En l’espèce, La [16] et la société [21] ont formé leur recours dans les forme et délai légaux de sorte qu’il doit être déclaré recevable.
Sur le bien-fondé de la mesure de rétablissement personnel sans liquidation judiciaire
En l’espèce, la question de la bonne foi de Madame [M] [Y] n’a pas été mise dans les débats, celle-ci bénéficiant d’une présomption de bonne foi.
Madame [M] [Y] est célibataire et n’a pas d’enfant à charge.
Elle n’a pas comparu à l’audience de sorte qu’il conviendra de se référer aux données retenues par la commission s’agissant de ses ressources et de ses charges et des justificatifs transmis par la commission.
Elle perçoit les allocations de chômage à hauteur de 674,00 € par mois, les APL à hauteur de 195,00 € par mois et une prime d’activité à hauteur de 186,00 € par mois.
Les trois forfaits repris ci-dessous ont vocation à couvrir tous les besoins de la vie quotidienne, ainsi que les frais liés à l’habitation de Madame [M] [Y].
Le forfait de base regroupe ainsi l’ensemble des dépenses courantes en matière alimentaire, d’habillement, d’hygiène, mais également certains frais de santé, de transports et dépenses quotidiennes.
Les dépenses courantes inhérentes à l’habitation, telles que l’eau, l’électricité, la téléphonie, l’assurance habitation, sont comprises dans le forfait habitation.

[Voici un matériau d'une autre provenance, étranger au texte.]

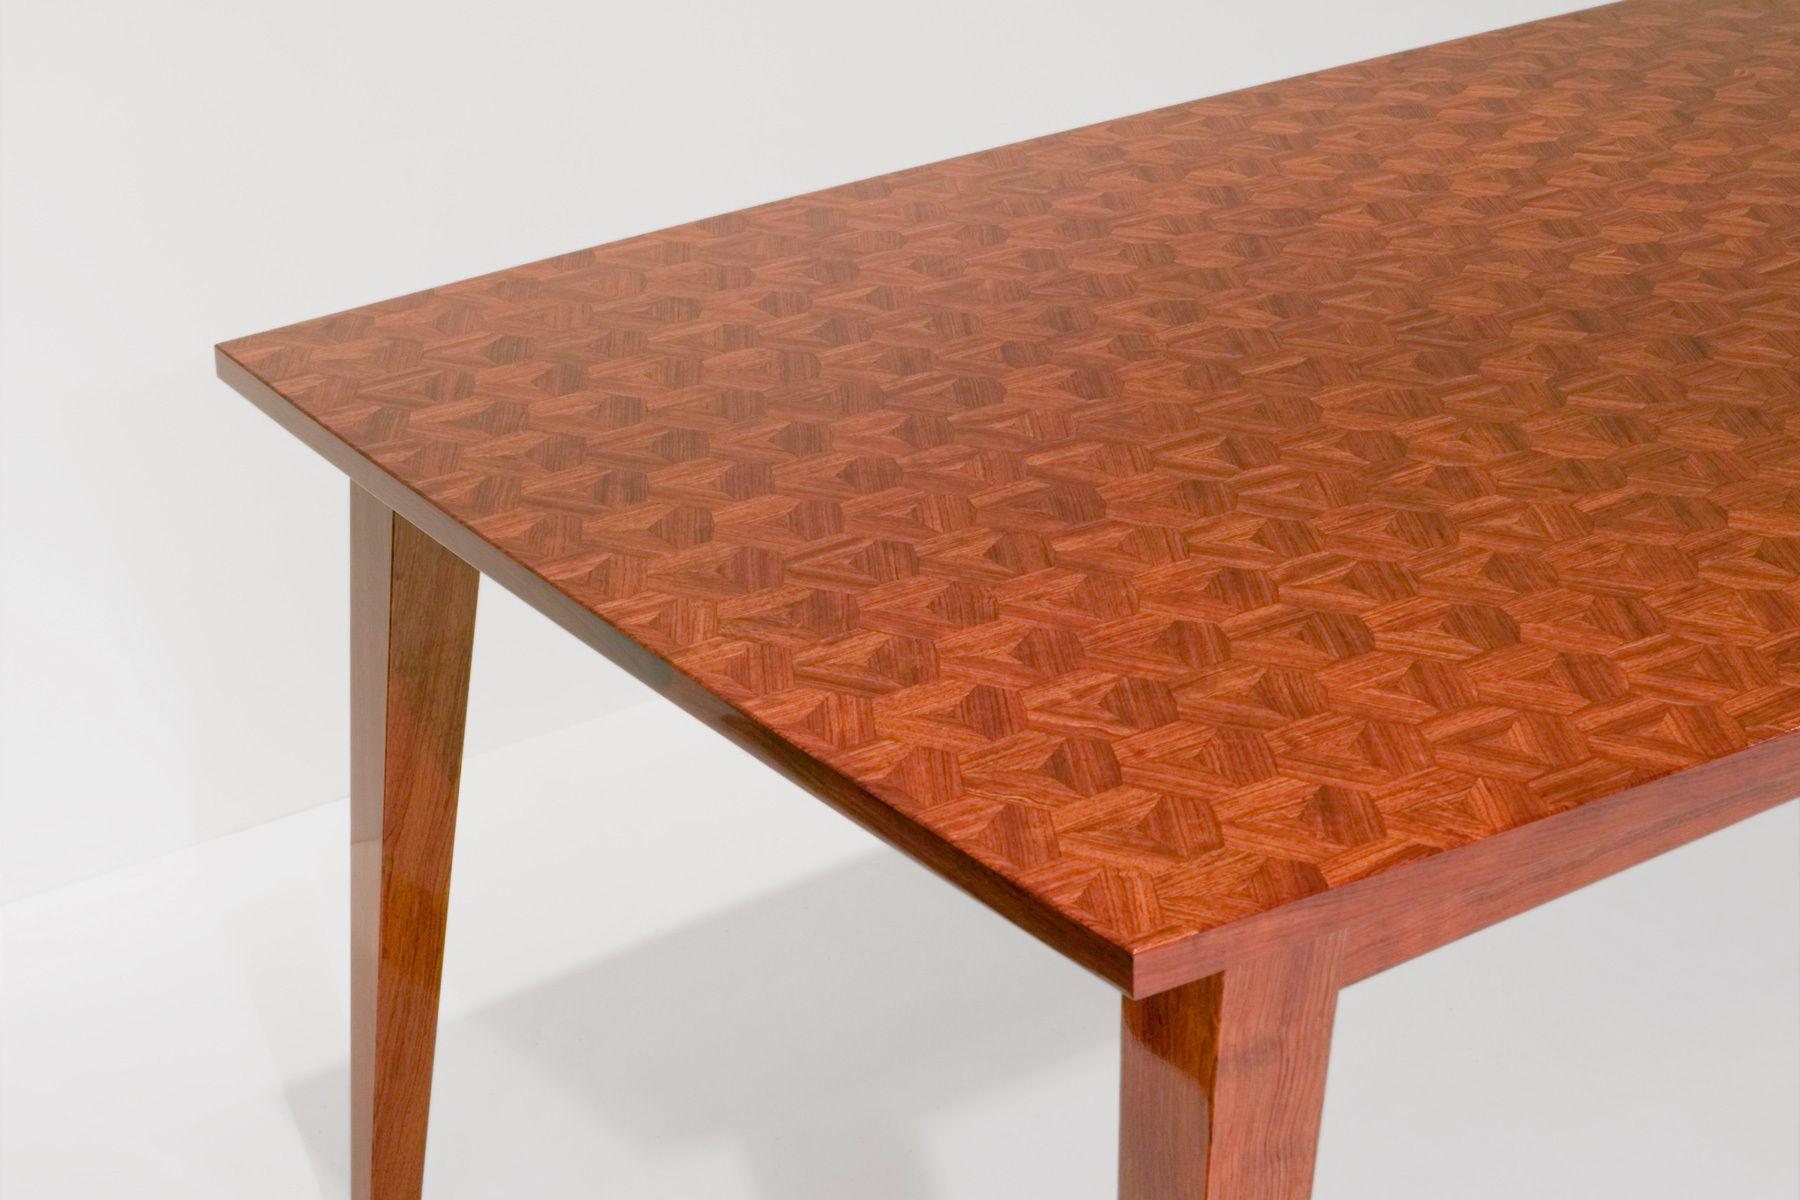 1_aaron_levine_contemporary_modern_studio_furniture_maker_wood_woodworker_art_artist_northwest_parquetry_tessellation_hexed_dining_writing_table_bubinga_landing_detail2.jpg

Les frais de chauffage sont inclus dans le troisième forfait.
Ces forfaits ont été actualisés au niveau national au début de l’année 2025 afin de tenir compte de l’évolution du coût de la vie.
RESSOURCES :
=> TOTAL : 1.055,00 euros.
CHARGES :
forfait de base : 632 euros ;
forfait habitation : 121 euros ;
forfait chauffage : 123 euros ;
loyer : 494 euros ;
Impôts : 14,00 euros
=> TOTAL : 1384,00 €.
Dans ces conditions, Madame [M] [Y] n’a aucune capacité de remboursement.
Sans enfant à charge, la quotité saisissable de ses ressources telle qu’elle résulte des articles L. 3252-2 et L. 3252-3 du Code du travail est de 120 euros.
Il reste à ce stade à déterminer si la situation de Madame [M] [Y] est irrémédiablement compromise au sens des dispositions légales susmentionnées.
Madame [M] [Y] n’est âgée que de 23 ans et dispose de qualifications lui offrant des perspectives sérieuses de réinsertion professionnelle.
Dans ce contexte, la situation de Madame [M] [Y] n’est pas irrémédiablement compromise au regard des dispositions légales susmentionnées, la commission pouvant utilement envisager un moratoire voire un plan de désendettement en fonction de la réalité de sa situation actuelle.
Les dépens seront laissés à la charge de l’État.
PAR CES MOTIFS
Le juge des contentieux de la protection, statuant publiquement, par décision réputée contradictoire et en dernier ressort ;
DÉCLARE recevable le recours formé par La [16] et la société [21] à l’encontre des mesures imposées le 27 mai 2025 par la [18] au profit de Madame [M] [Y] et consistant en un rétablissement personnel sans liquidation judiciaire ;
DIT que la situation de Madame [M] [Y] n’est pas irrémédiablement compromise ;
INFIRME en conséquence la décision de la commission de surendettement et renvoie son dossier à la commission ;
DIT qu’à la diligence du Greffe la présente décision sera notifiée par lettre recommandée avec demande d’avis de réception à Madame [M] [Y] et à ses créanciers et communiquée à la Commission avec la restitution du dossier ;
REJETTE toutes autres demandes ;
LAISSE les dépens à la charge de l’État.
Ainsi jugé et prononcé par mise à disposition au Greffe.